Norovirus (NV) (formerly called Norwalk-like virus) is a member of the family Caliciviridae and causes acute nonbacterial gastroenteritis in humans worldwide (8, 15, 29). NV is highly infectious and spreads by ingestion of contaminated food, such as oysters and water. NV also spreads by person-to-person transmission through the fecal-oral route in semiclosed communities, such as hospitals, schools, nursing homes, and cruise ships (8). These characteristics make NV a major public health concern.

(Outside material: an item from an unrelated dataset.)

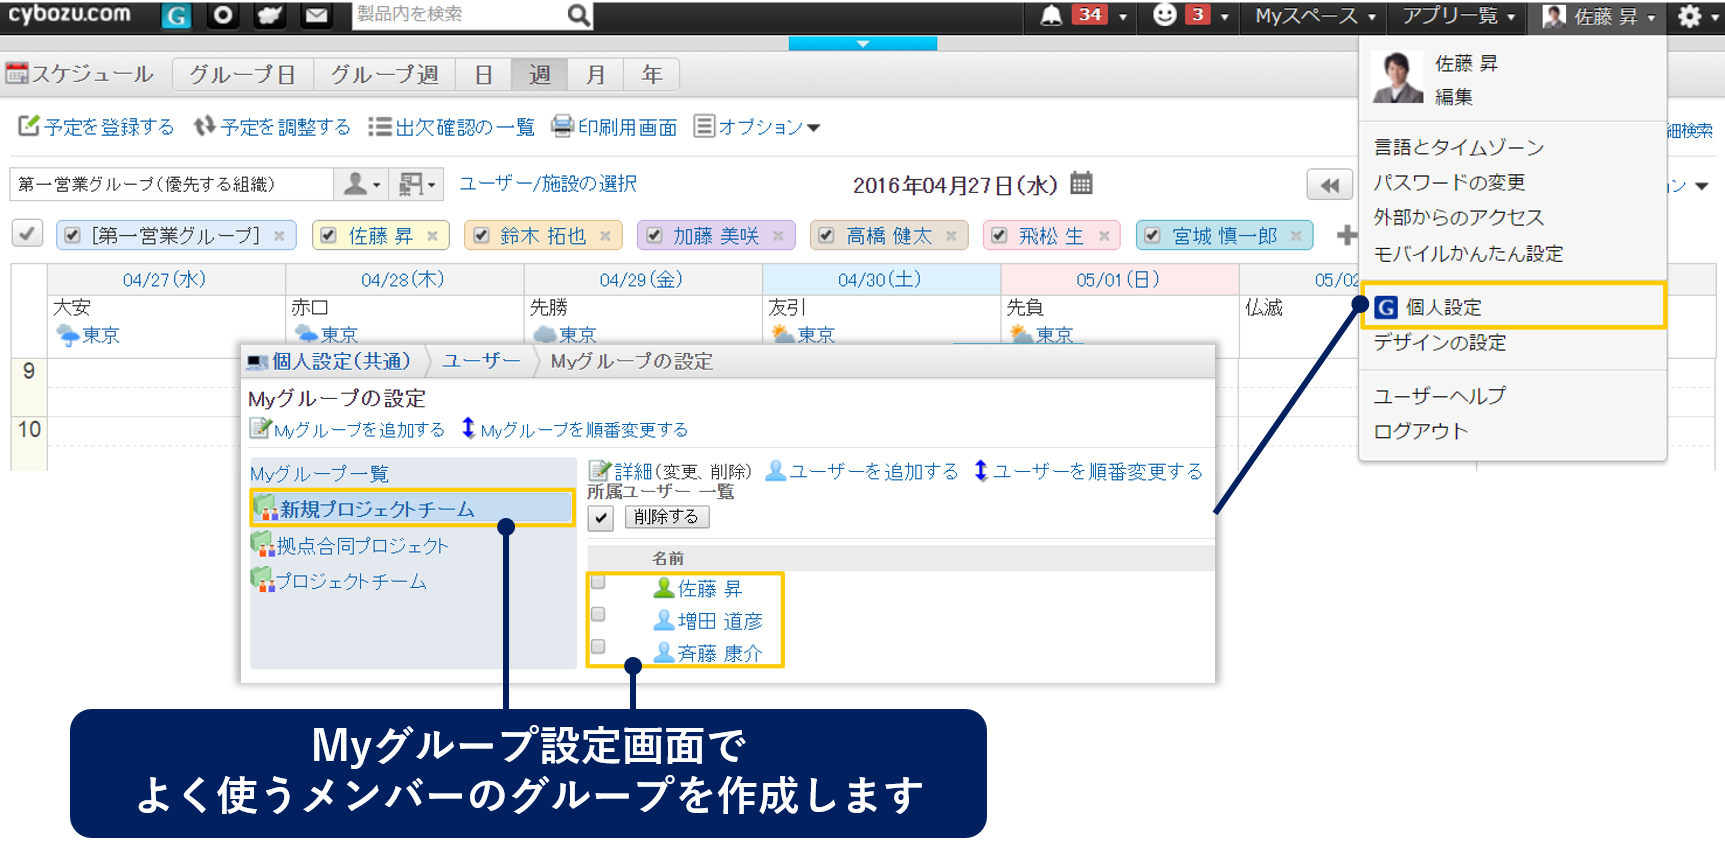 https://enterprise.cybozu.co.jp/2016/04/9e6cd1aa7a695aa422694ef0f38482a1d46b8123.png

The lack of a tissue culture system for propagation of NV has been a significant obstacle to the study of this group, but recent advances in cloning and sequencing of NV have enabled their genomic characterization. NV contains an ≈7.5-kb positive single-stranded RNA with a poly(A) tail at the 3′ end. The genome contains three open reading frames (ORFs). ORF1, the largest, encodes a polyprotein precursor for several nonstructural proteins (23), including NTPase, proteinase, and RNA-dependent RNA polymerase (RdRp). ORF2 encodes the capsid protein (17). ORF3, the smallest, encodes a protein of unknown function that has been suggested to be a minor component of the virion (6).

A recently developed reverse transcription-PCR (RT-PCR) assay that targets the RdRp (1, 2, 10, 16, 26, 27) or capsid gene (4, 7, 9, 11, 21, 22, 28, 31, 33) and phylogenetic analysis revealed that NV is classified into two genogroups, genogroup I (GI) and genogroup II (GII). In a previous study, we proposed a genotyping scheme for NV based on diversity in the capsid N terminus/shell (N/S) gene and reported nine genotypes in GI and 10 genotypes in GII (19).

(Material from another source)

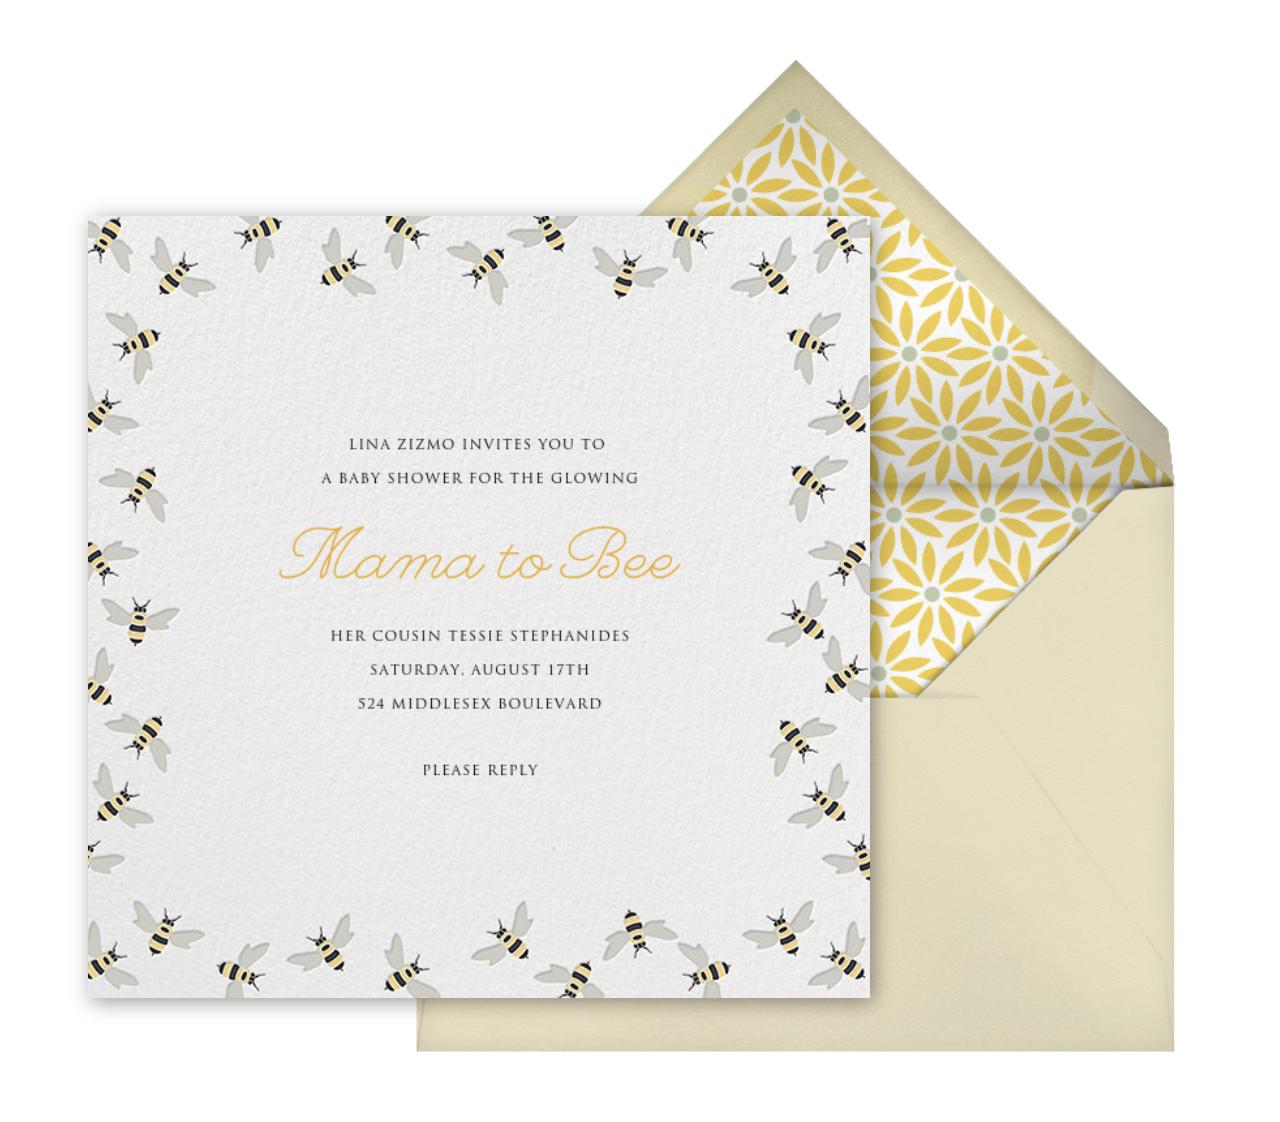 https://www.paperlesspost.com/cards?q=bee&card=23550

We also established a real-time RT-PCR system for the routine detection of NV GI- and GII-specific RNAs (18). This detection system is highly sensitive and broadly reactive and rapid. Using this system, we reported that many stool specimens contain both GI and GII strains, suggesting coinfection by multiple strains (18). Coinfection was found in many food-borne outbreaks, but epidemiologic studies of these outbreaks lacked a detailed molecular analysis, including sequencing and genotyping.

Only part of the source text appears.